When you’re a gay Christian who has struggled… and studied… and worked to reconcile what he feels with what he believes and you see a link titled I Preached Against Homosexuality, But I Was Wrong… you click it.  (I did.  You should, too.)

After all, isn’t that short sentence – “I was wrong” – one of the biggest hurdles gay people of faith have to jump over?

  • I believed God was ashamed of me… but I was wrong.
  • I believed scripture condemned me… but I was wrong.
  • I believed hiding was my only option… but I was wrong.

(As you know, it takes a lot of faith to believe something new.  It takes a lot of courage to act on those beliefs – to allow yourself to become something different than you were before.)

And isn’t that same sentence – “I was wrong” – an equally high hurdle for many straight preachers and teachers as they redefine their views of how God feels about homosexuals?

  • I preached what I thought was truth… but I was wrong.
  • I believed I was building the church… but I was wrong.
  • I thought I understood so many things… but I was wrong.
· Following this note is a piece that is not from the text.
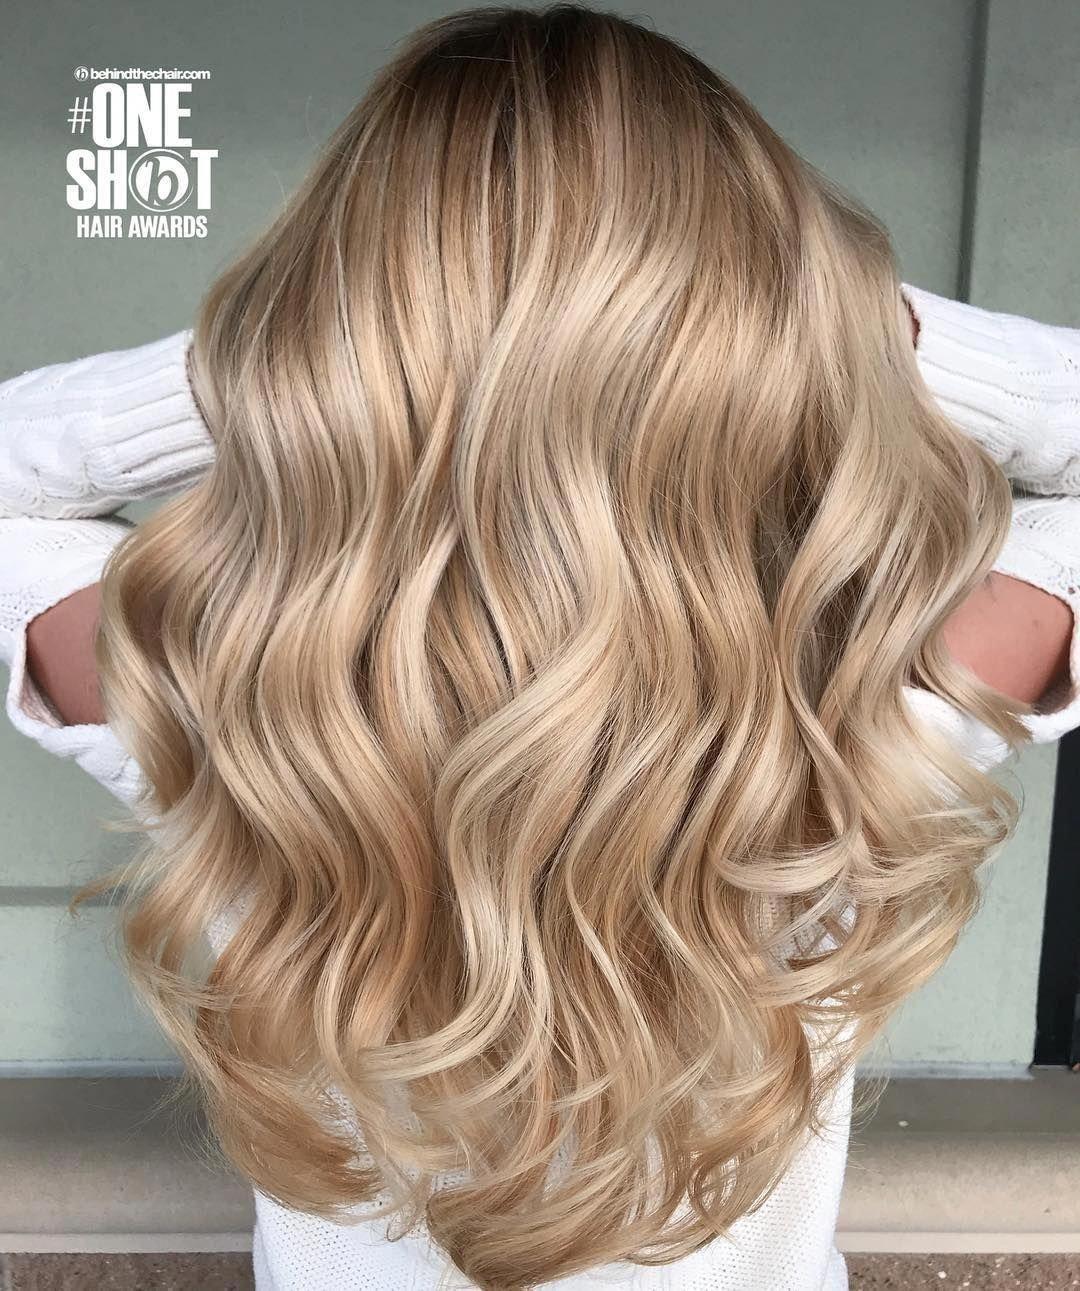 Clairol Shimmer Lights Original Shampoo Blonde and
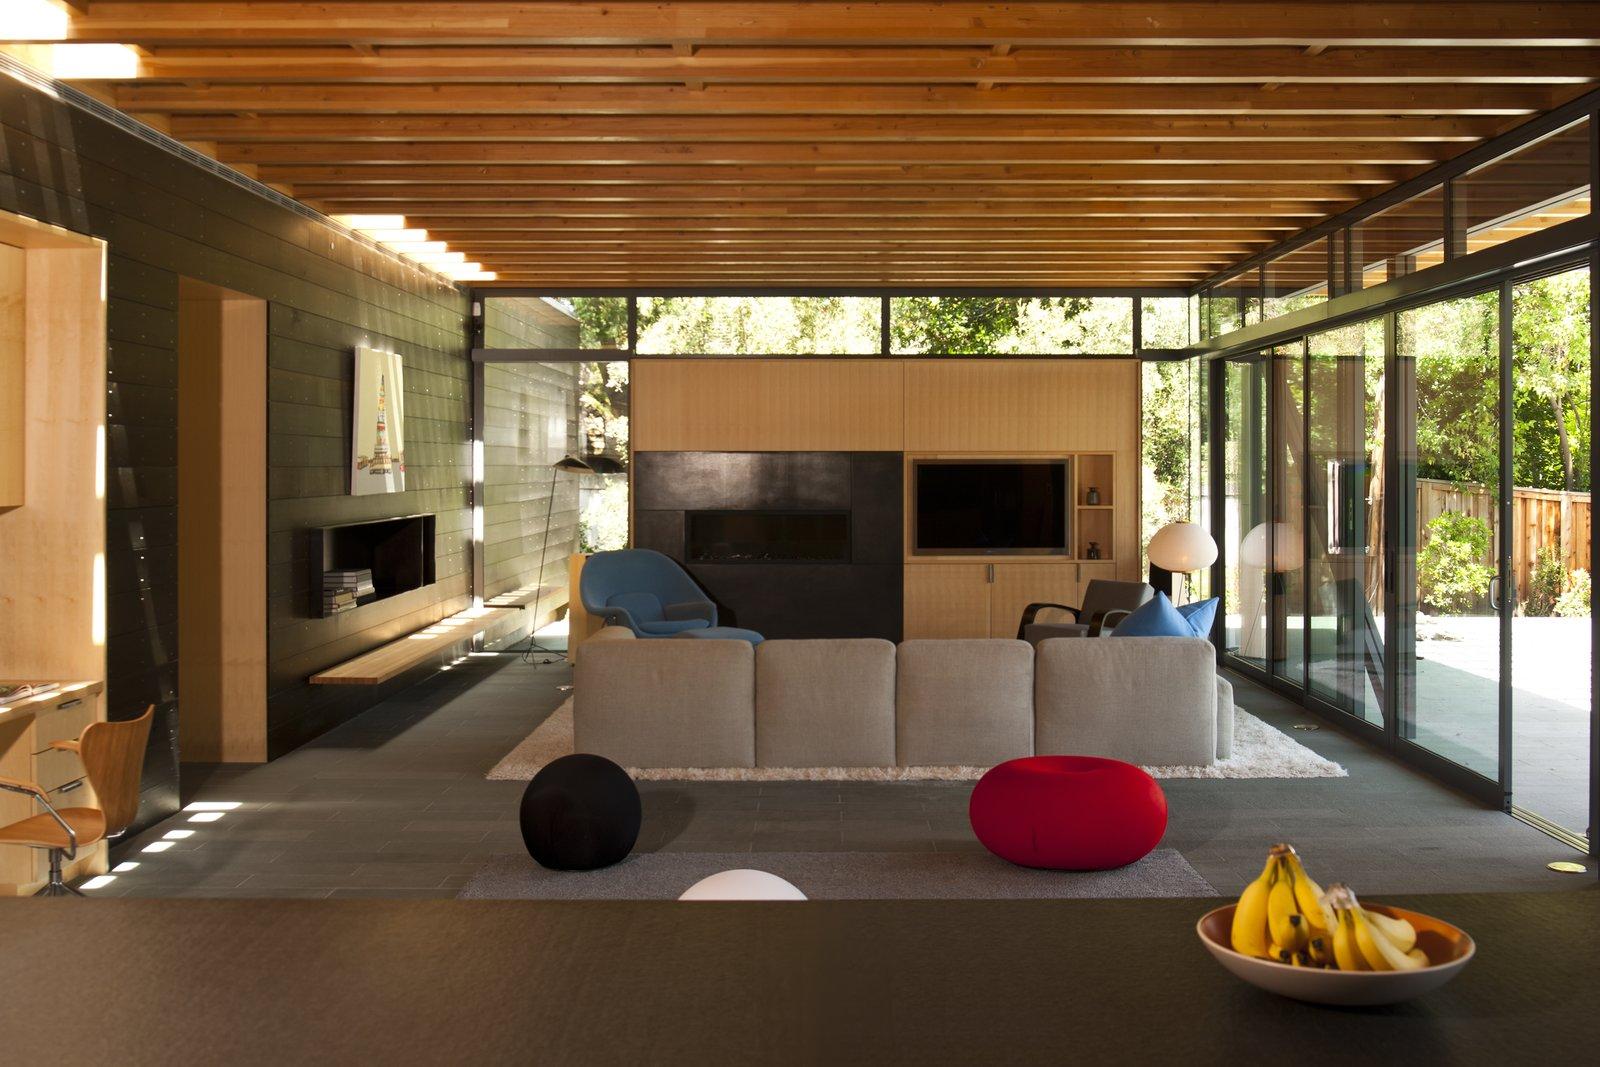 Sacramento House by Bohlin Cywinski Jackson

(It also takes a lot of faith for these brothers and sisters to believe something new.  It takes a lot of courage for them to act on those beliefs – to allow themselves to become something different than they were before.)

Isn’t “I was wrong” the message of conversion our churches preach every week? (You can be something different than you were before.)  Isn’t this the faith our faith requires?  (Trust me, God says, I love you with an everlasting love.)  Isn’t this the discipleship our ministers demand? (Like a student who moves from addition to algebra, you should always be growing into new ideas.)

Murray Richmond was a Presbyterian minister who preached against homosexuality… until he changed his mind.  This article is the story of his conversion from condemning the gay community to… well, discipleship.

If you’re a Christian and you’re conflicted because you’re attracted to people with genitals like yours, this article is a must read.  “I was wrong” will give you hope.

If you’re a Christian and you’re trying to decide how to relate to gay people, this article is a must read.  “I was wrong” will give you perspective.

If you’re gay and you’re curious (or cynical or skeptical) about Christians and the ridiculous (or hurtful or hateful) things they sometimes say, this article is a must read.  “I was wrong” may help restore your faith.